Kingston NVMe Technologies Speed Up HPC at SC17

In this video from SC17 in Denver, Rich Kanadjian from Kingston describes the company’s wide array server memory and NVMe PCIe Flash solutions for HPC.

Today’s supercomputing installations are capable of doing billions of calculations per second and managing data in enormous volume and velocity.
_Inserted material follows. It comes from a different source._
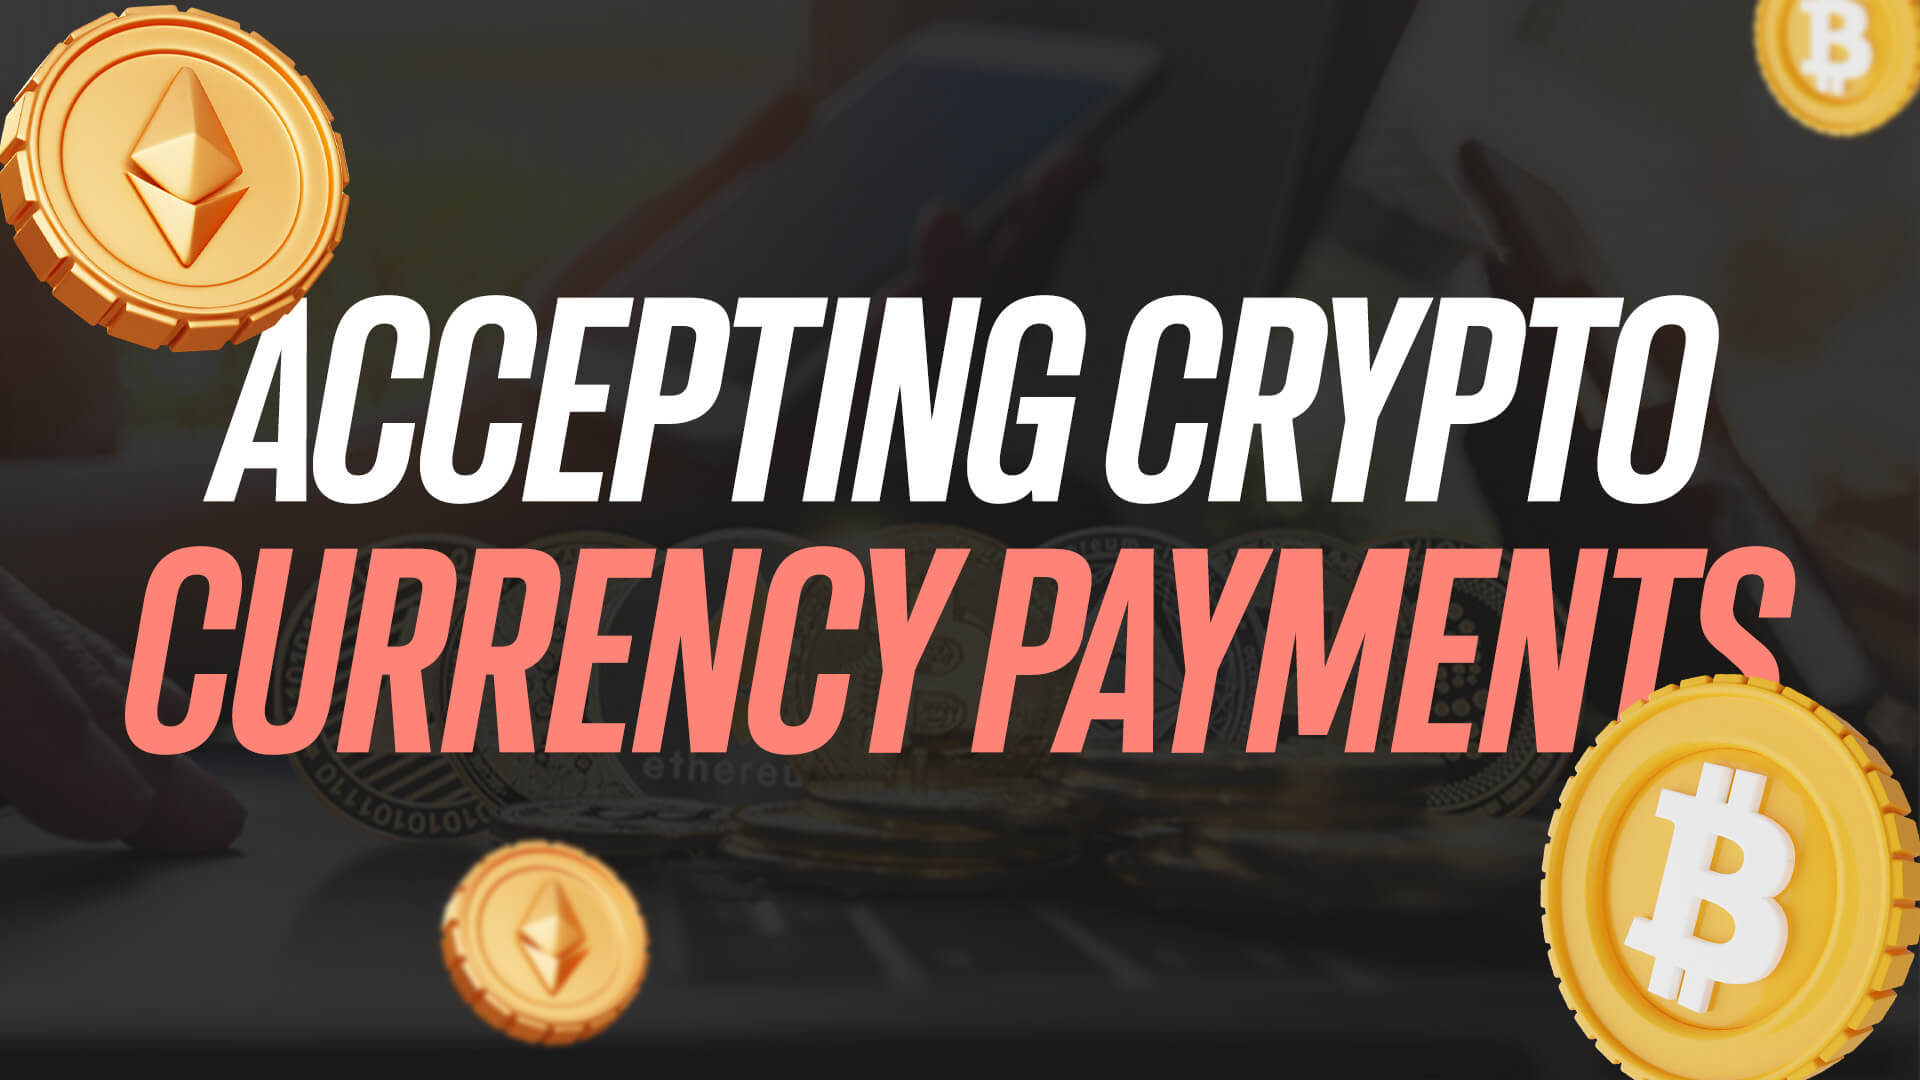 Accepting Crypto Currency Payments (Like Bitcoin _ Ethereum)

Kingston continues to provide top data solutions with reliability and predictable performance for the world’s most powerful HPC and enterprise big data applications, while also laying the groundwork for future innovation in data center efficiency.”

At SC17, Kingston and its partners demonstrated the consistent data performance and reliability of its forthcoming DCU1000, the industry’s fastest NVMe PCIe SSD in the U.2 form factor, purpose-built to predictably accelerate the crushing workload data demands of legacy enterprise software, the latest business and big data applications, 8K video rendering and high performance computing for the era of artificial intelligence (AI) and the Internet of Things (IoT).

Kingston‘s first products and parallel computing architectures were introduced in the same year (1987), meaning our company grew up alongside modern supercomputing, delivering the reliability and raw data performance for HPC-driven breakthroughs since the very beginning,” said Ariel Perez, SSD business manager, Kingston.

Featured in some of the world’s most prestigious HPC installations, Kingston delivers end-to-end server memory and NVMe PCIe data performance solutions to feed the data-hungry HPC deployments driving everything from big data and government intelligence to media & entertainment. Kingston’s upcoming DCU1000 U.2 NVMe PCIe solution complements the company’s other NVMe PCIe products, enabling users to take full advantage of U.2 interfaces in tandem with traditional NVMe PCIe SSDs and the data pipeline with maximum performance in these increasingly unconventional compute environments. In addition, the U.2 form factor delivers hot-swappable NVMe, eliminating the potential for performance interruptions due to device failure.

Founded in October 1987, Kingston released a new infographic tracking its evolution across three decades of HPC to become one of the most complete providers of end-to-end data performance solutions.